Task prompt: Copy the lines below exactly. No picture goes into the copy.

Exercise data:
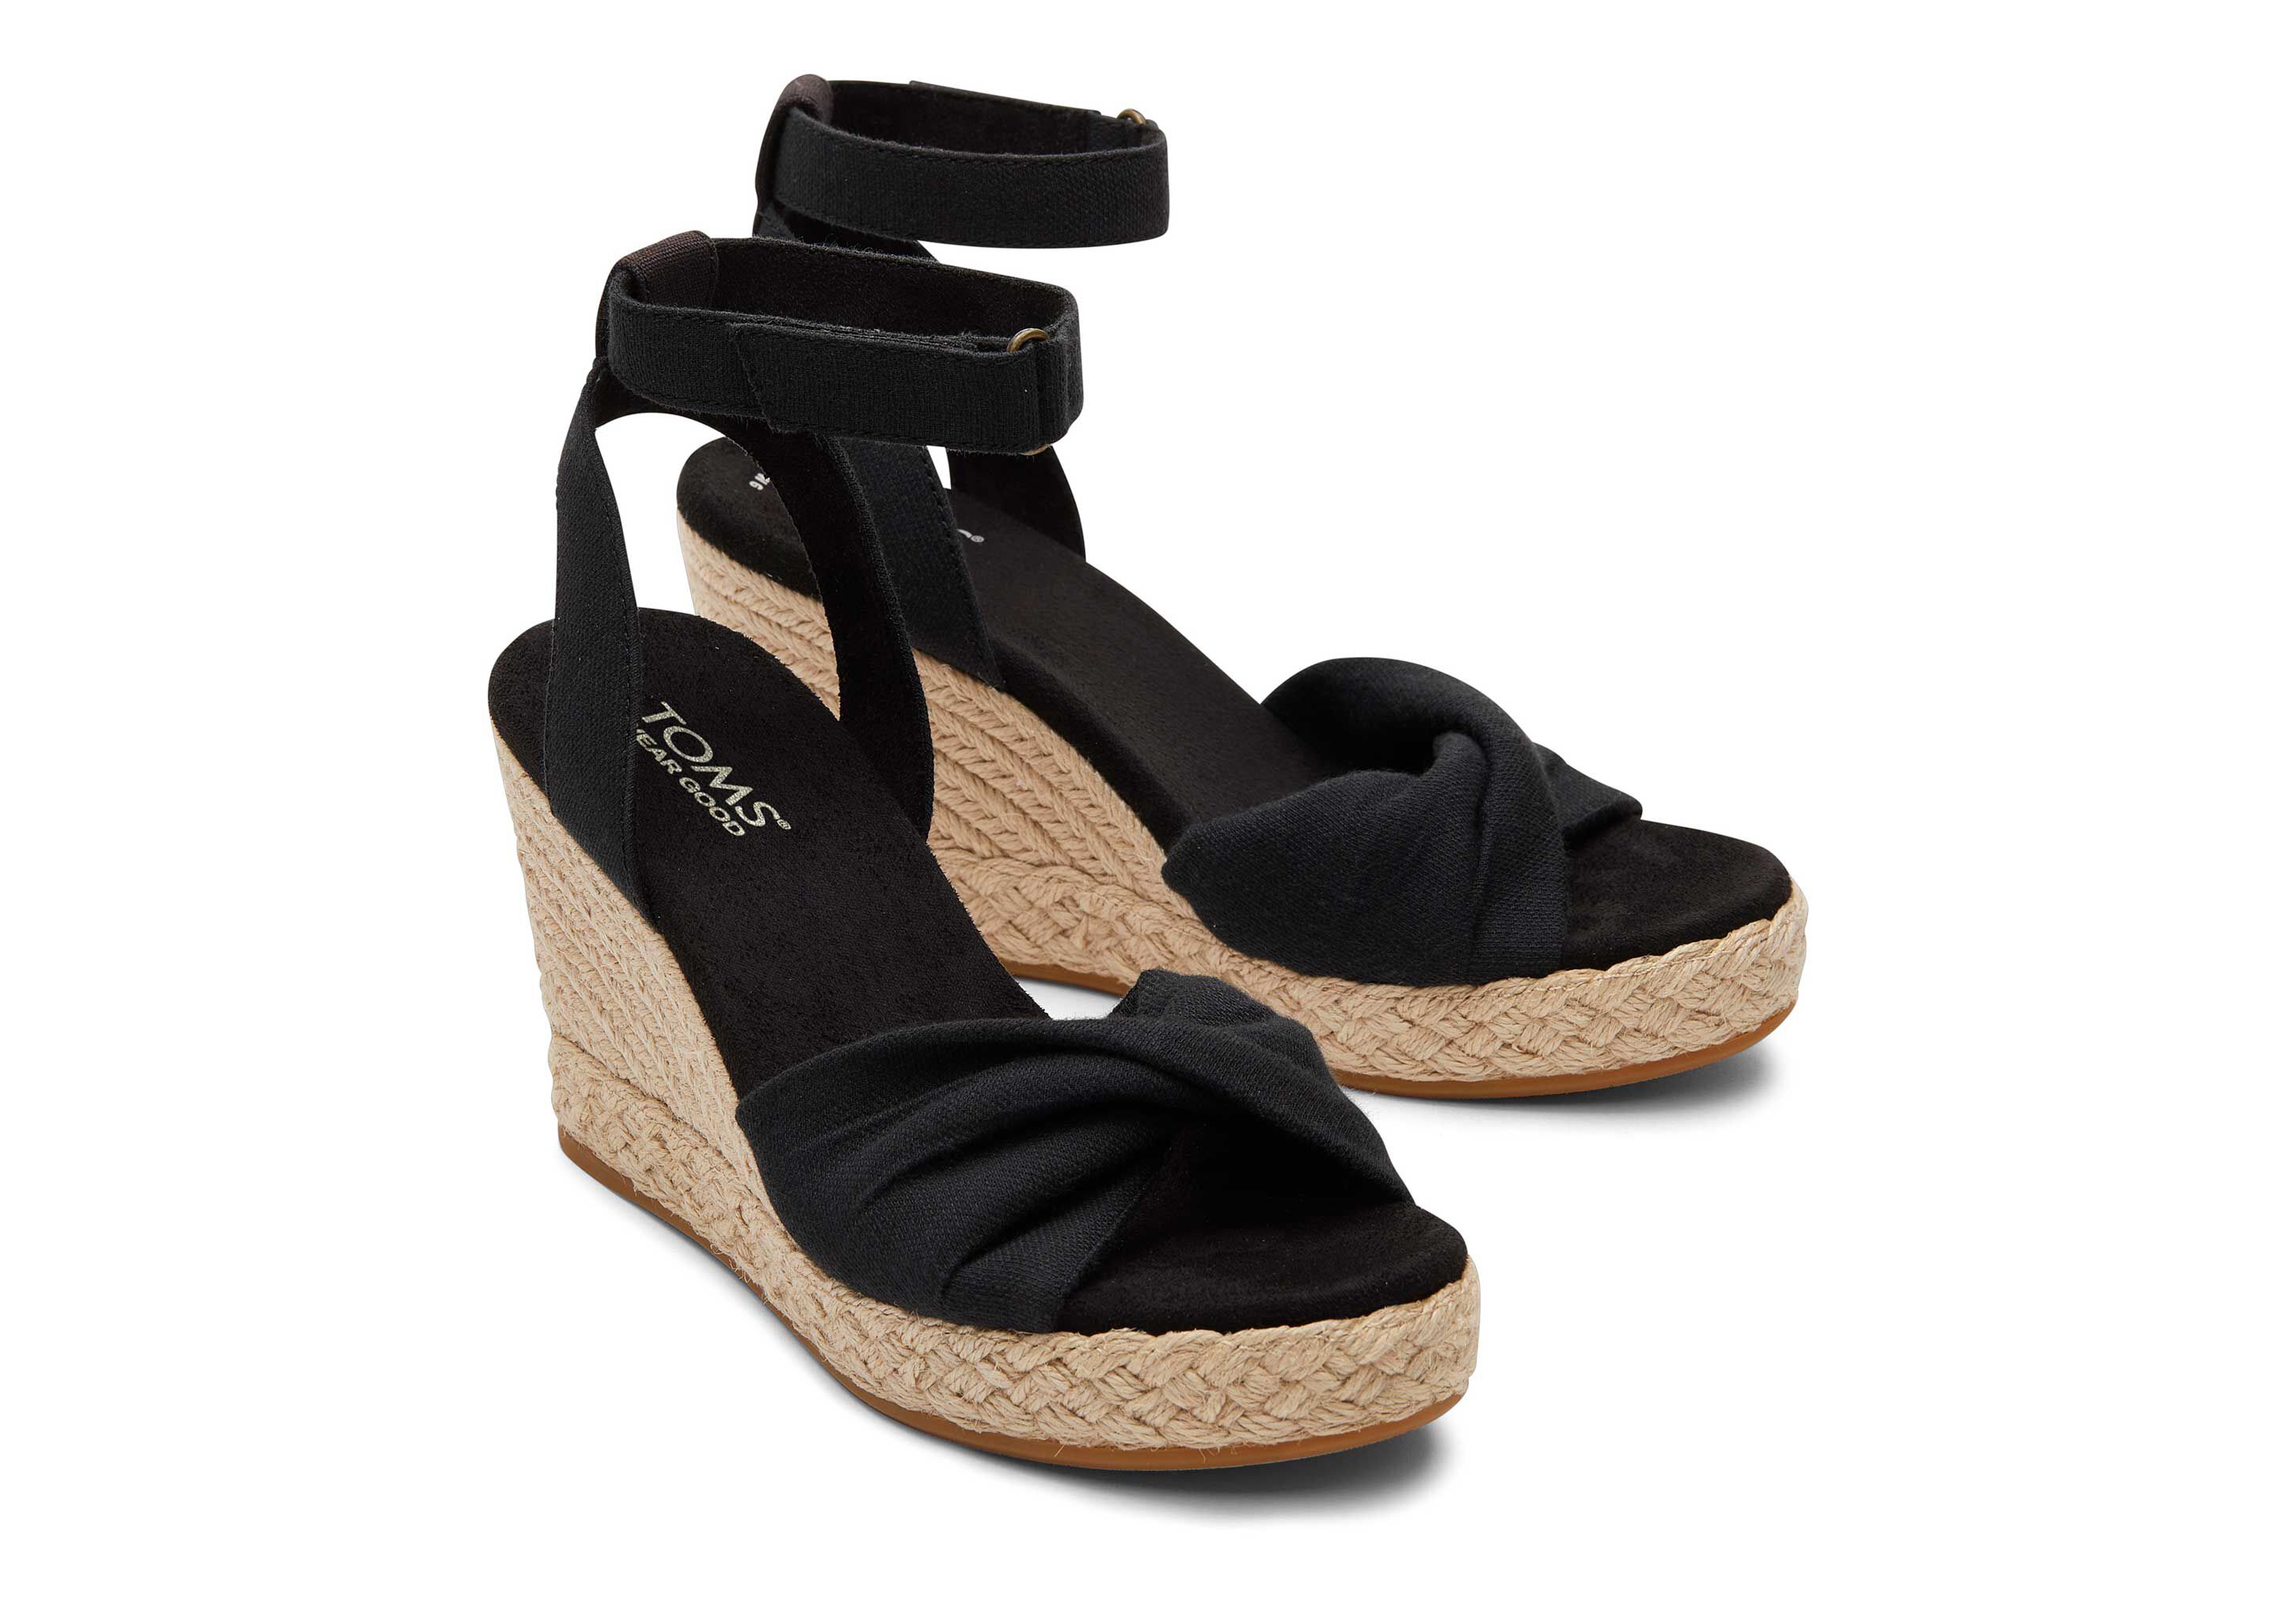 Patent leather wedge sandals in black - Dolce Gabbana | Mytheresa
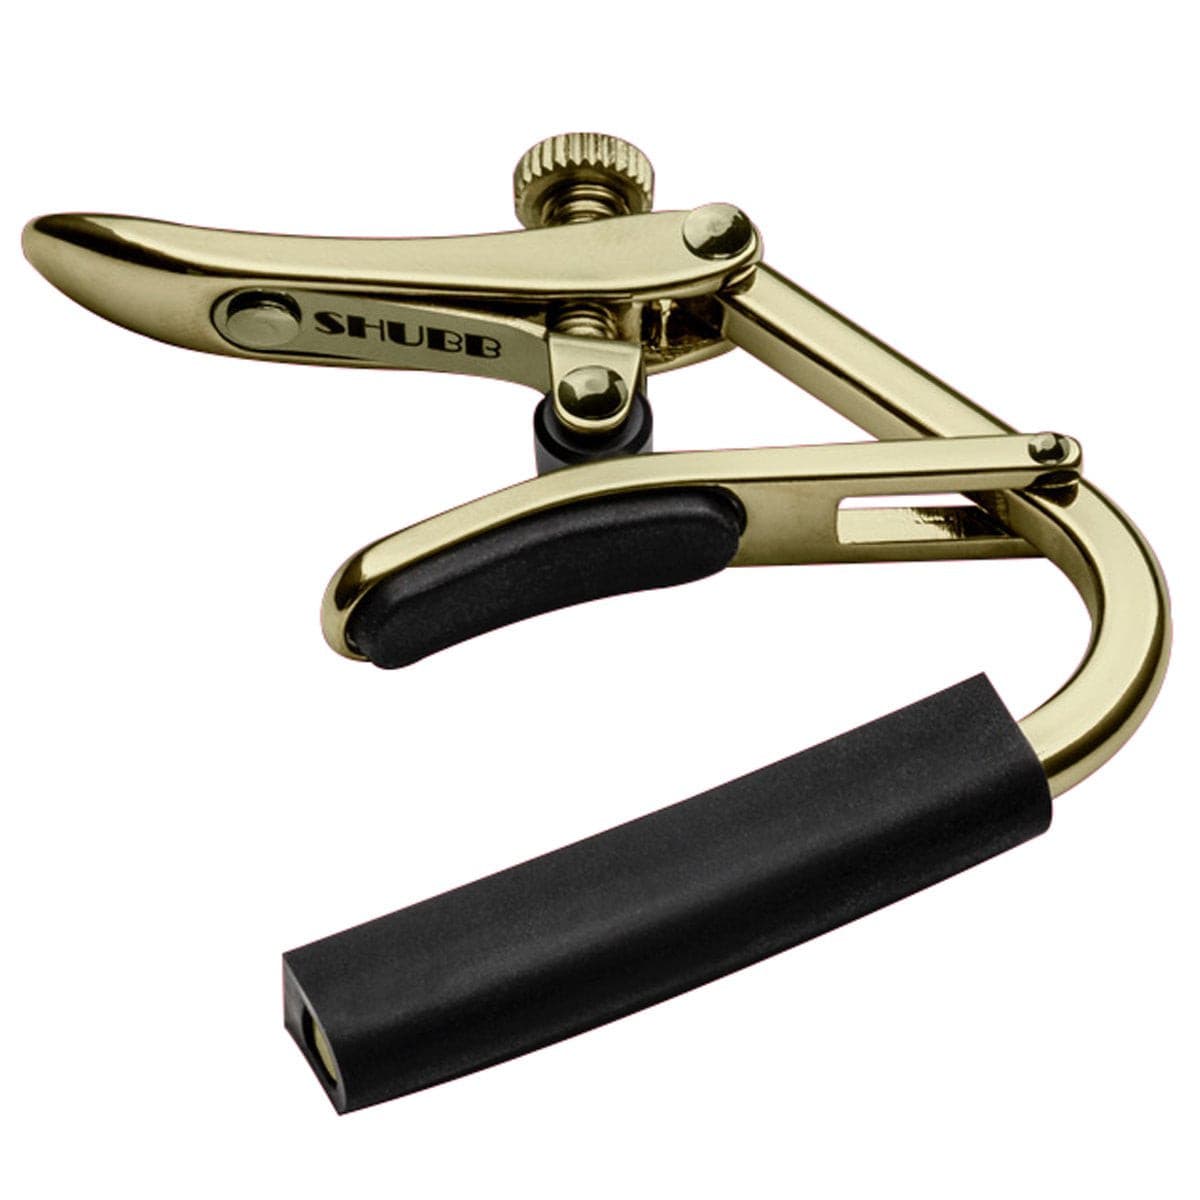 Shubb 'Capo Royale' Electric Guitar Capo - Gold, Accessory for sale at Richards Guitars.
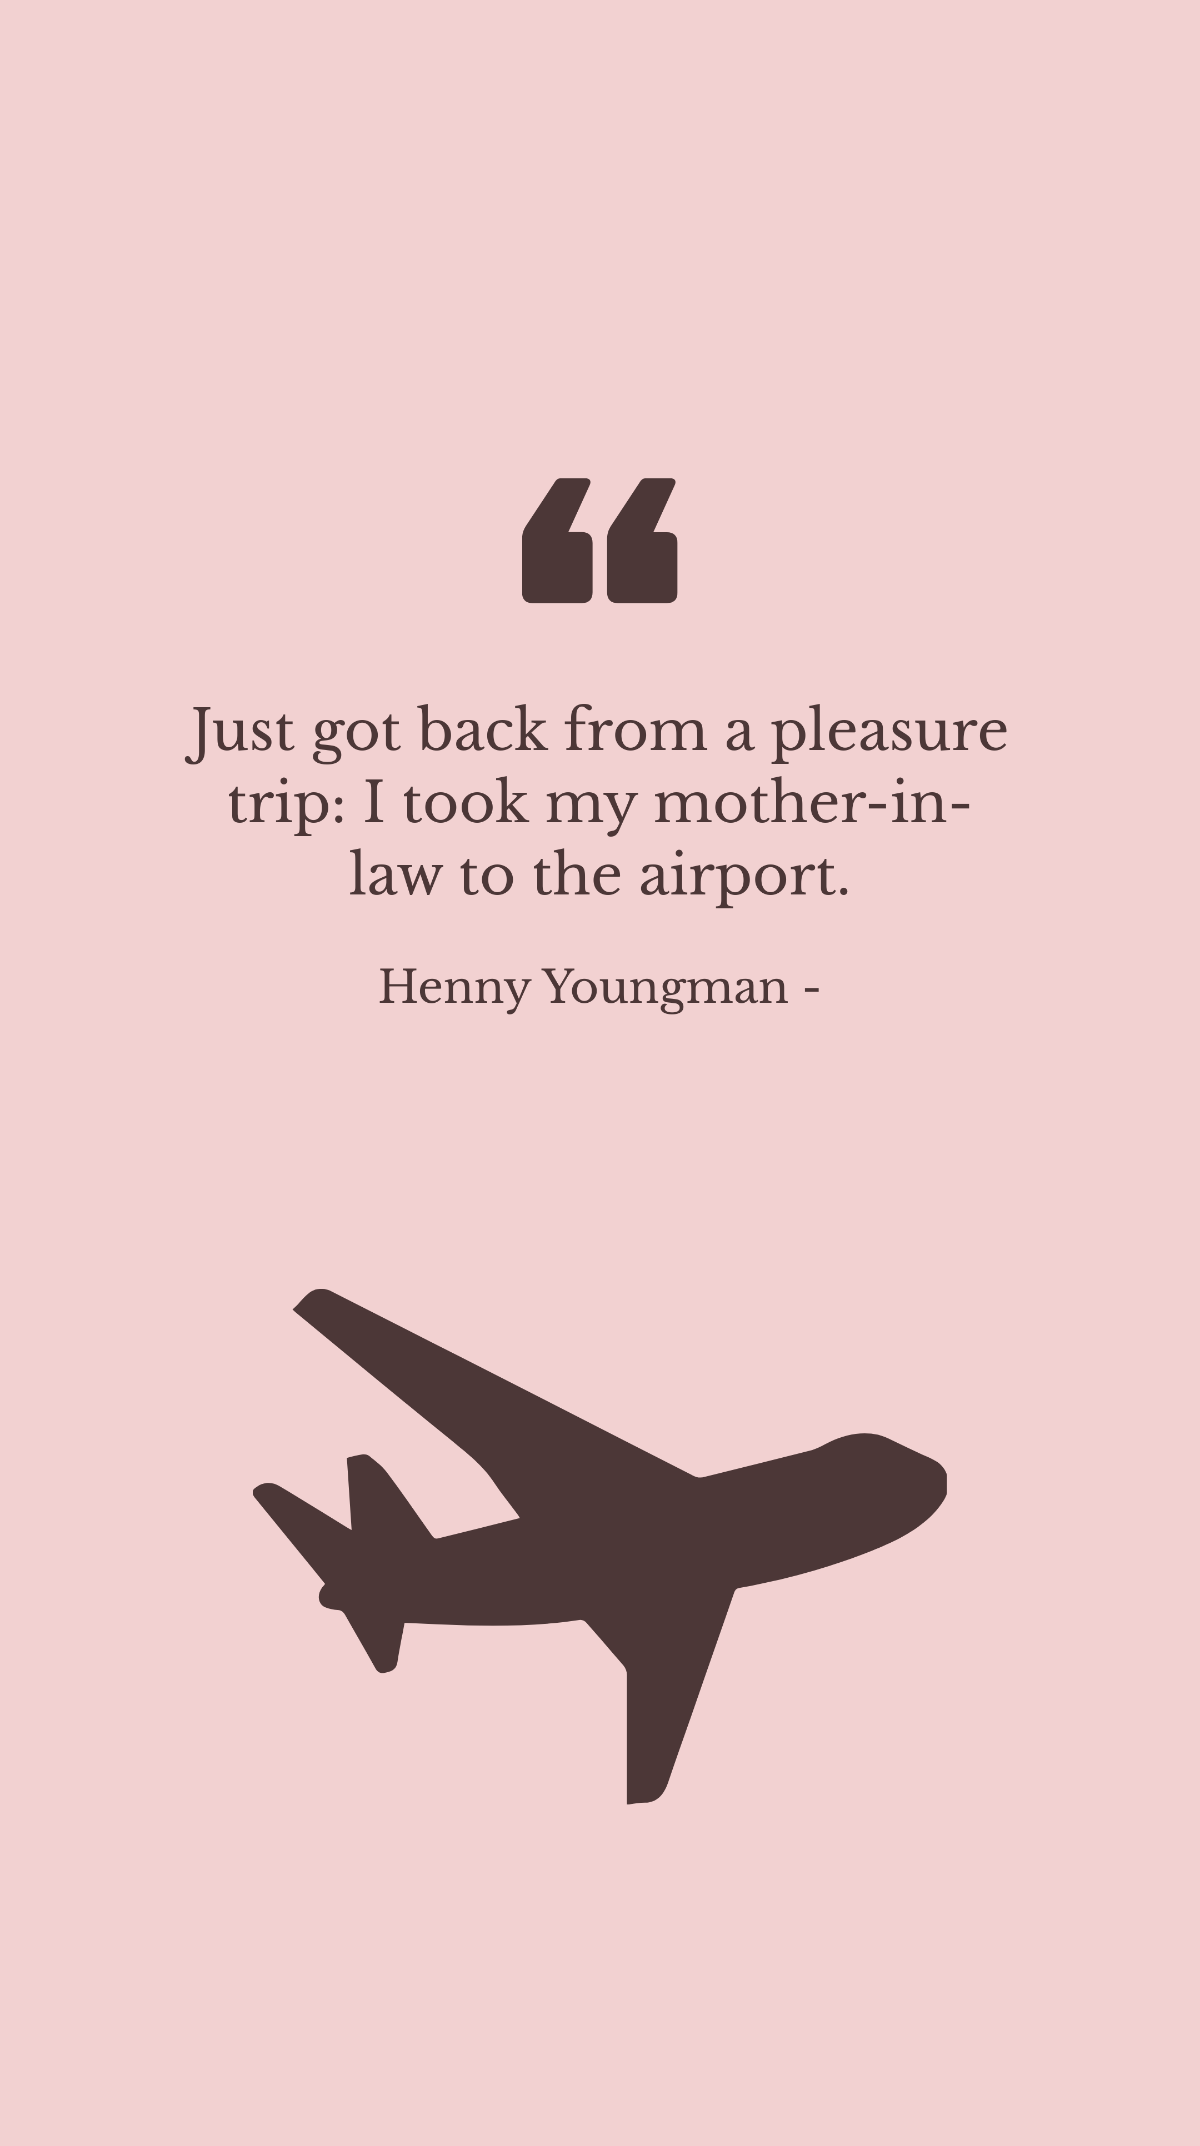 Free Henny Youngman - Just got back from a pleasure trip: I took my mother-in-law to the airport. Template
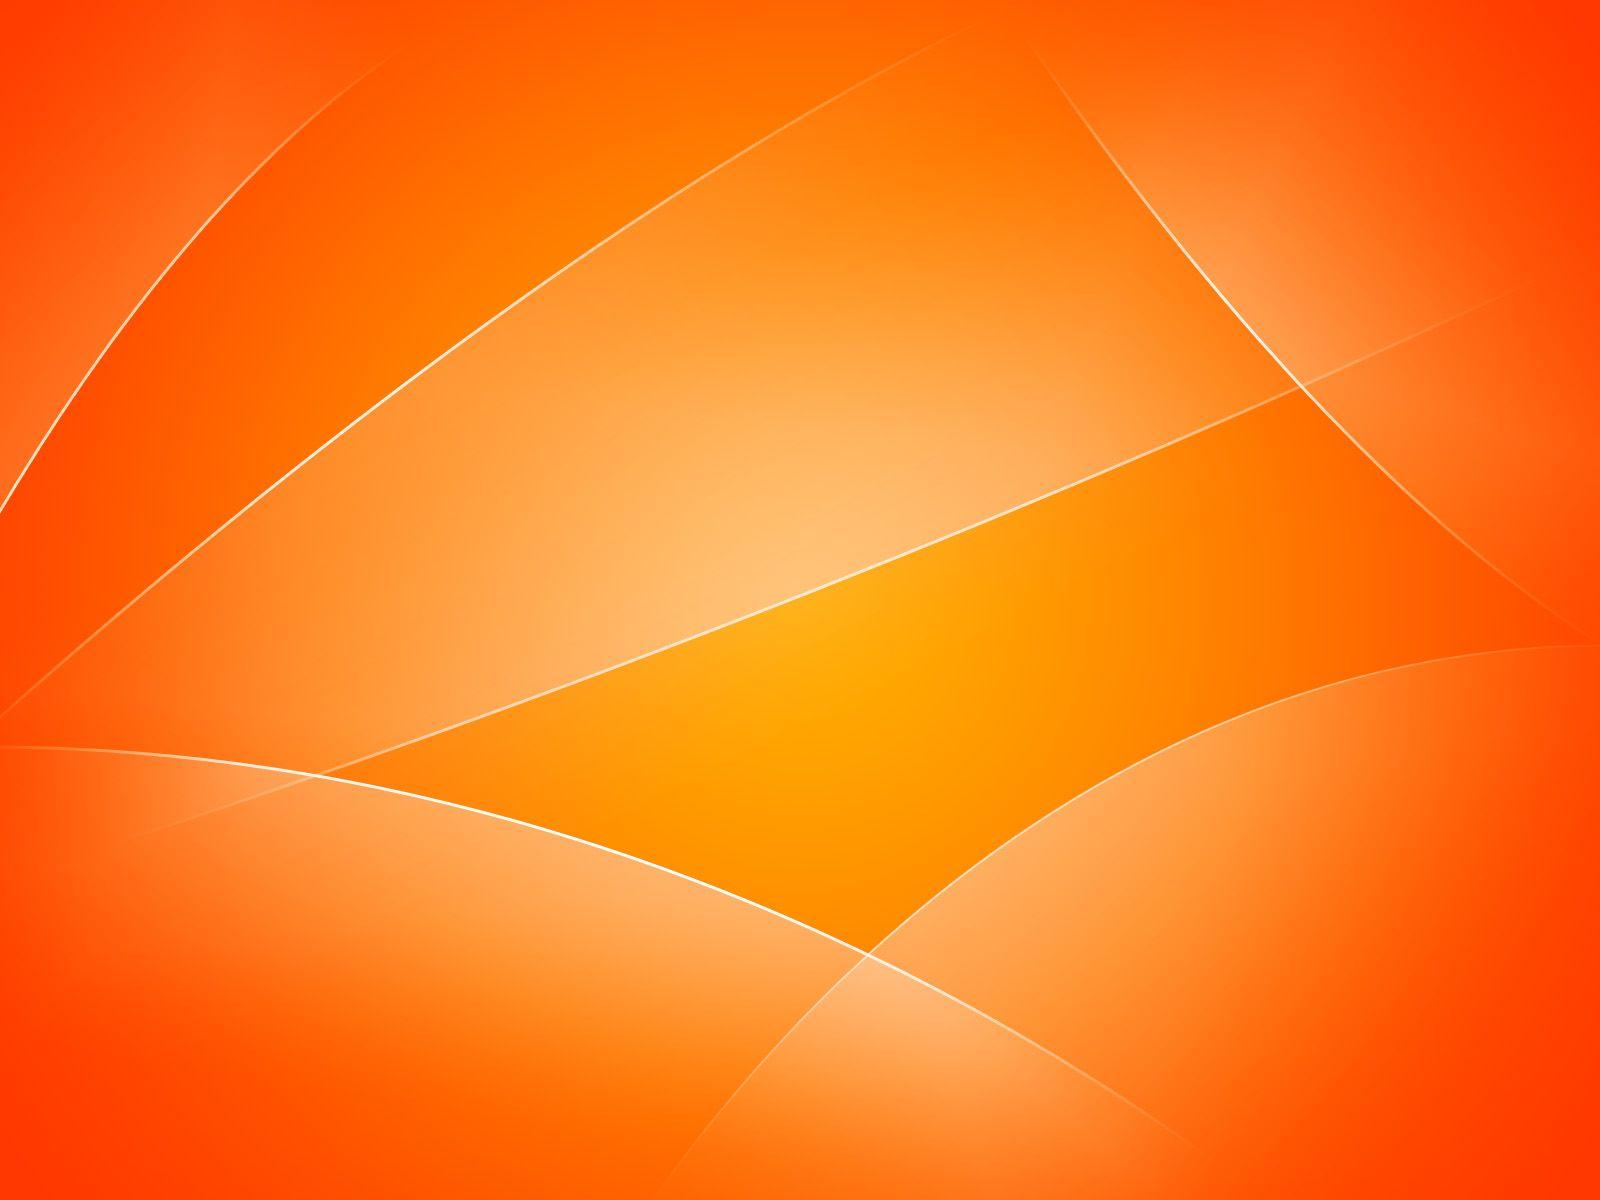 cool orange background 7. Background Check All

Task result:
 Patent leather wedge sandals in black - Dolce Gabbana | Mytheresa
 Shubb 'Capo Royale' Electric Guitar Capo - Gold, Accessory for sale at Richards Guitars.
 Free Henny Youngman - Just got back from a pleasure trip: I took my mother-in-law to the airport. Template
 cool orange background 7. Background Check All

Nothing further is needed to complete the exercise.